Upsample(上采樣,插值)
Upsample
torch.nn.Upsample(size=None, scale_factor=None, mode='nearest', align_corners=None)
Upsamples a given multi-channel 1D (temporal), 2D (spatial) or 3D (volumetric) data.
對給定的多通道1D(時間)、2D(空間)或3D(容量)數據進行上采樣。
The input data is assumed to be of the form minibatch x channels x [optional depth] x [optional height] x width. Hence, for spatial inputs, we expect a 4D Tensor and for volumetric inputs, we expect a 5D Tensor.
輸入格式:
一維數據 [N, C, W]
二維數據 [N, C, H, W]
三維數據 [N, C, D, H, W]
The algorithms available for upsampling are nearest neighbor and linear, bilinear, bicubic and trilinear for 3D, 4D and 5D input Tensor, respectively.
Upsample可用的算法是最近鄰和線性,雙線性,雙三次和三線性插值算法。
One can either give a scale_factor or the target output size to calculate the output size. (You cannot give both, as it is ambiguous)
可以給出scale_factor或目標輸出大小來計算輸出大小(不能同時給出兩者)。
參數說明:
size: (int or Tuple[int] or Tuple[int, int] or Tuple[int, int, int], optional) – output spatial sizes
scale_factor :(float or Tuple[float] or Tuple[float, float] or Tuple[float, float, float],optional) – multiplier for spatial size. Has to match input size if it is a tuple.
輸出尺寸可以指定size,也可以通過縮放的倍數指定。
mode: (str, optional) – the upsampling algorithm: one of 'nearest', 'linear', 'bilinear', 'bicubic' and 'trilinear'. Default: 'nearest'
align_corners (bool, optional) – if True, the corner pixels of the input and output tensors are aligned, and thus preserving the values at those pixels. This only has effect when mode is 'linear', 'bilinear', or 'trilinear'. Default: False
輸入輸出形狀:

注意:
在align_corners = True的情況下,線性插值模式(線性,雙線性,雙三次和三線性)不會按比例對齊輸出像素和輸入像素,因此輸出值可能取決於輸入大小。 這是這些模式(0.3.1版之前)的默認行為。 從那時起,默認行為是align_corners = False。 有關如何影響輸出的具體示例,請參見下文。
關於align_corners的解釋參考知乎這篇文章。
輸入為:

對它上采樣兩倍后,得到下圖:

首先介紹 align_corners=False,它是 pytorch 中 interpolate 的默認選項。
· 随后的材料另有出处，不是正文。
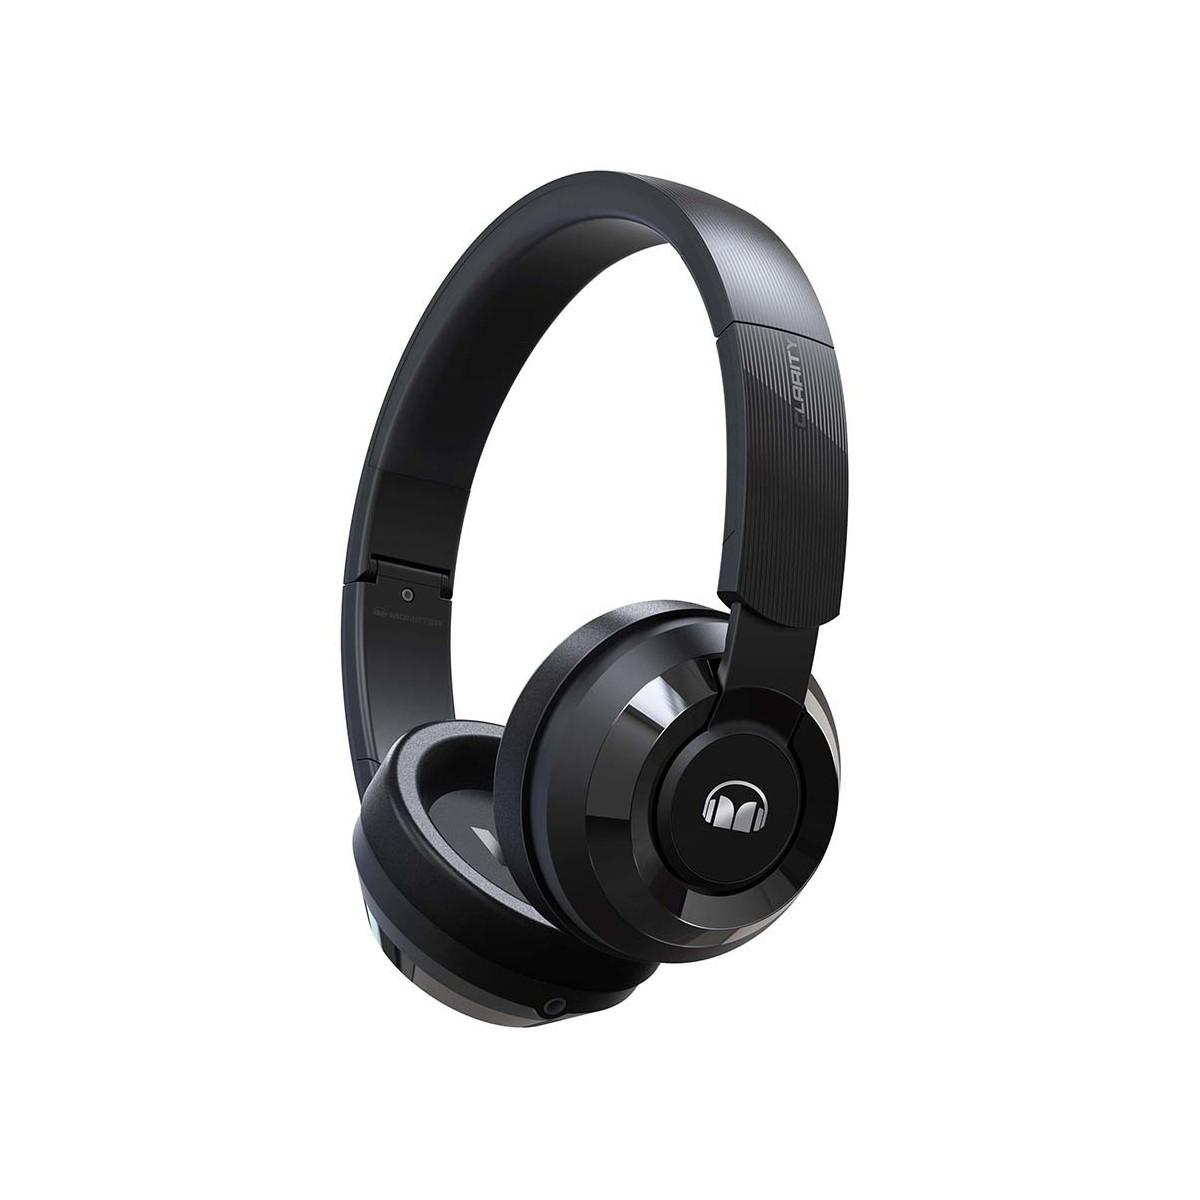 Nauszne słuchawki przewodowe Monster Clarity 100 czarne - outlet - GLO 98135

這種設定下,我們認定像素值位於像素塊的中心。首先觀察綠色框內的像素,我們會發現它們嚴格遵守了 bilinear 的定義。而對於角上的四個點,其像素值保持了原圖的值。邊上的點則根據角點的值,進行了 bilinear 插值。所以,我們從全局來看,內部和邊緣處采用了比較不同的規則。

在 align_corners=True世界觀里,像素值位於網格上,如上圖所示:

這里仔細的讀者會發現,3*3 的圖像上采兩倍后,變成了 5*5。更廣泛地來講,對於輸入尺寸是 (2x+1) * (2x+1) 的圖片,其經過 align_corners=True 的上采樣后,尺寸變為 (4x+1) * (4x+1)。所以雖然內容上整齊了,外在的數目上,卻沒了那種 2 的整數次冪的美感。(注:這里指定了輸出為5x5)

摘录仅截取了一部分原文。